Io e l'altra sorella di 21 anni abbiamo ancora problemi digestivi e intestinali, tutta la famiglia ( io le mie due sorelle e nostra madre di 59 anni ) ha eseguito esami del sangue per anticorpi celiaci risultati negativi. Nostra madre ha la tiroidite di Hasymoto, mentre da esami del sangue di controllo io ho il colesterolo cattivo alto e mia sorella 21 enne i trigliceridi alti.

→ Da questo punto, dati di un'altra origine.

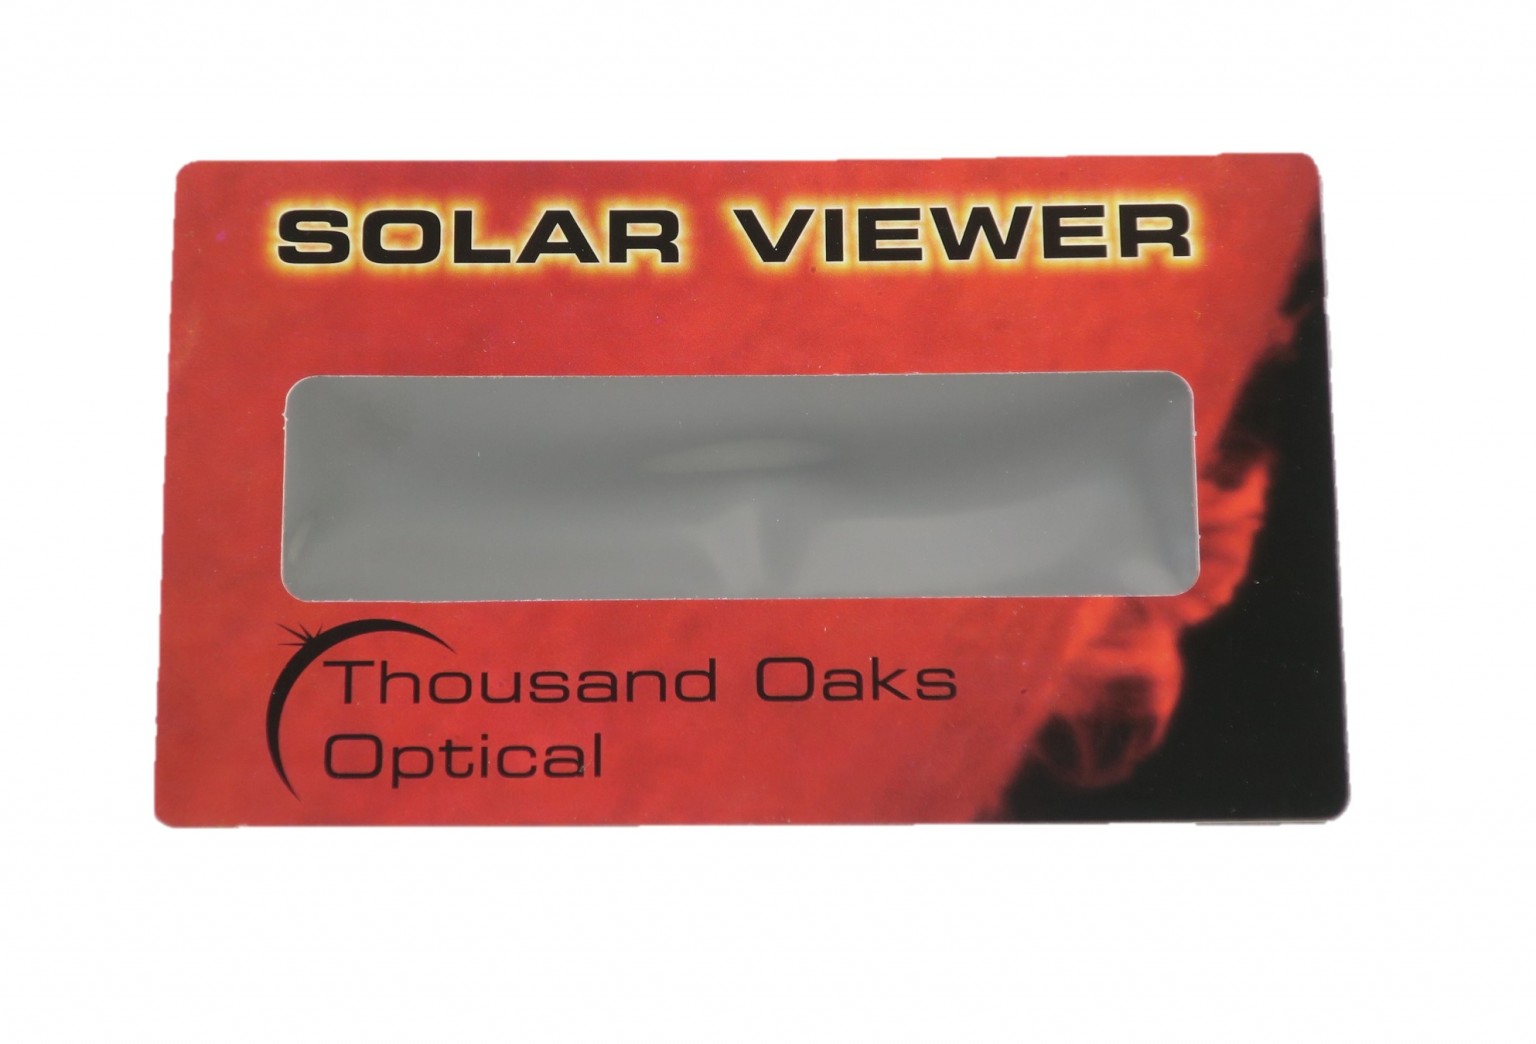 Thousand Oaks Optical Solar Viewer x 10

Cercando di documentarmi ho tovato articoli che parlano di una relazione tra il Rotavirus e lo scatenarsi della malatia celiaca. Le prime ad avere problemi siamo state io e mia sorella 21 enne nel mese di aprile/maggio 2012, senza trovare soluzioni valide ai disturbi ( se non eliminando lieviti, fermenti, glutine, lattosio abbiamo riscontrati un leggero miglioramento ) a settembre la 15enne ha avuto appunto lo scatenarsi della celiachia.

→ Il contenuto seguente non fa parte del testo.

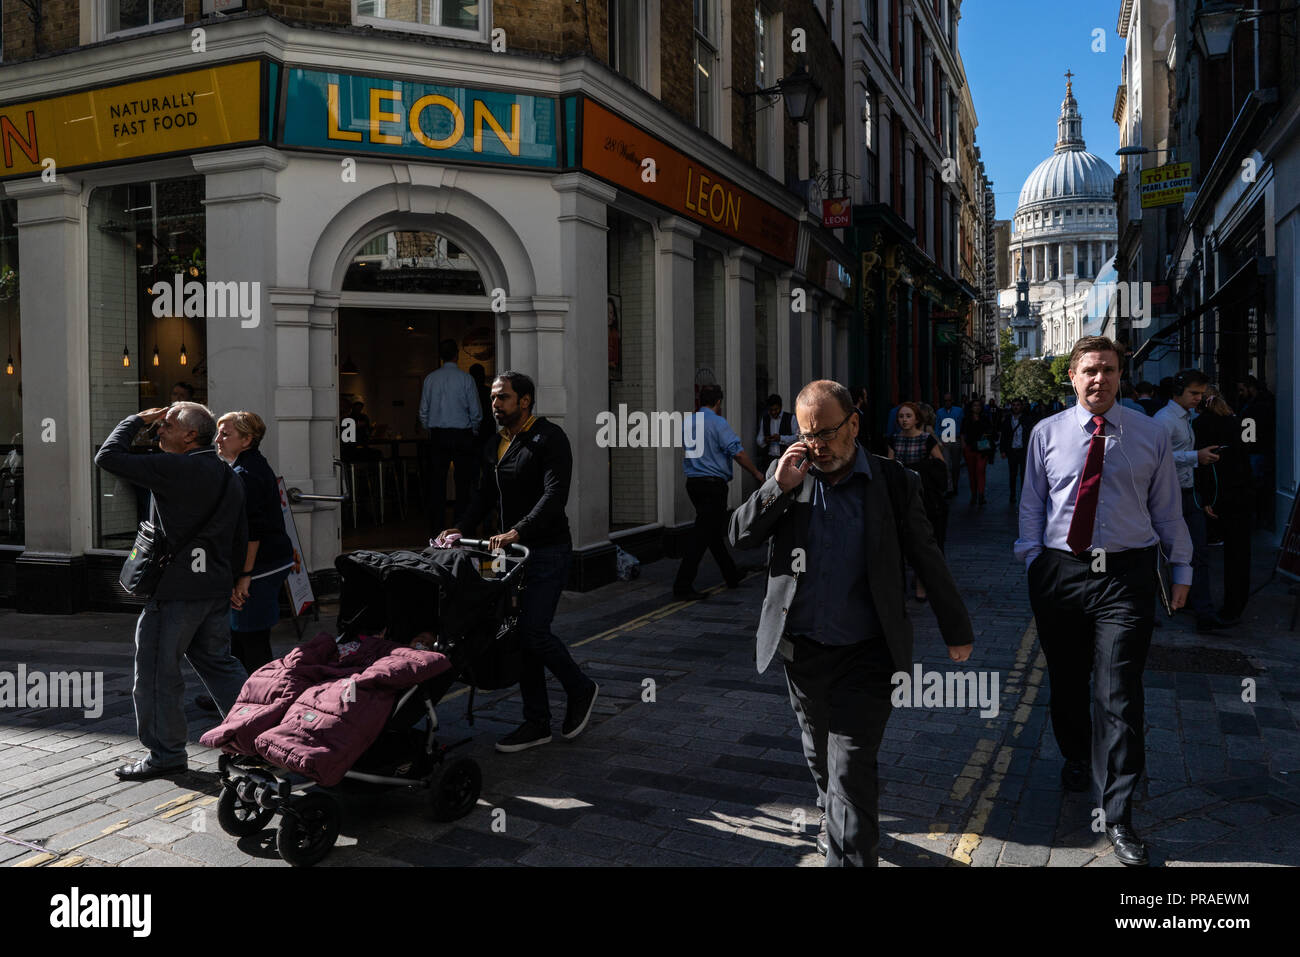 Scène de rue général des travailleurs de la ville de Londres s'occuper de leurs affaires pendant leur pause déjeuner près de la Cathédrale St Paul London UK Banque D'Images

A suo avviso, potrebbe esserci stata una contaminazione da Rotavirus che ha scombussolato i nostri apparati digererenti e intestinali ( chi piu chi meno ), trova utile eseguire gli esami delle feci alla ricerca del virus o prmai anche se ci fosse stato non ve ne sarebbe tracce? Premetto che nella primavera abbiamo a turno sofferto di febbriciattole, dissinterie.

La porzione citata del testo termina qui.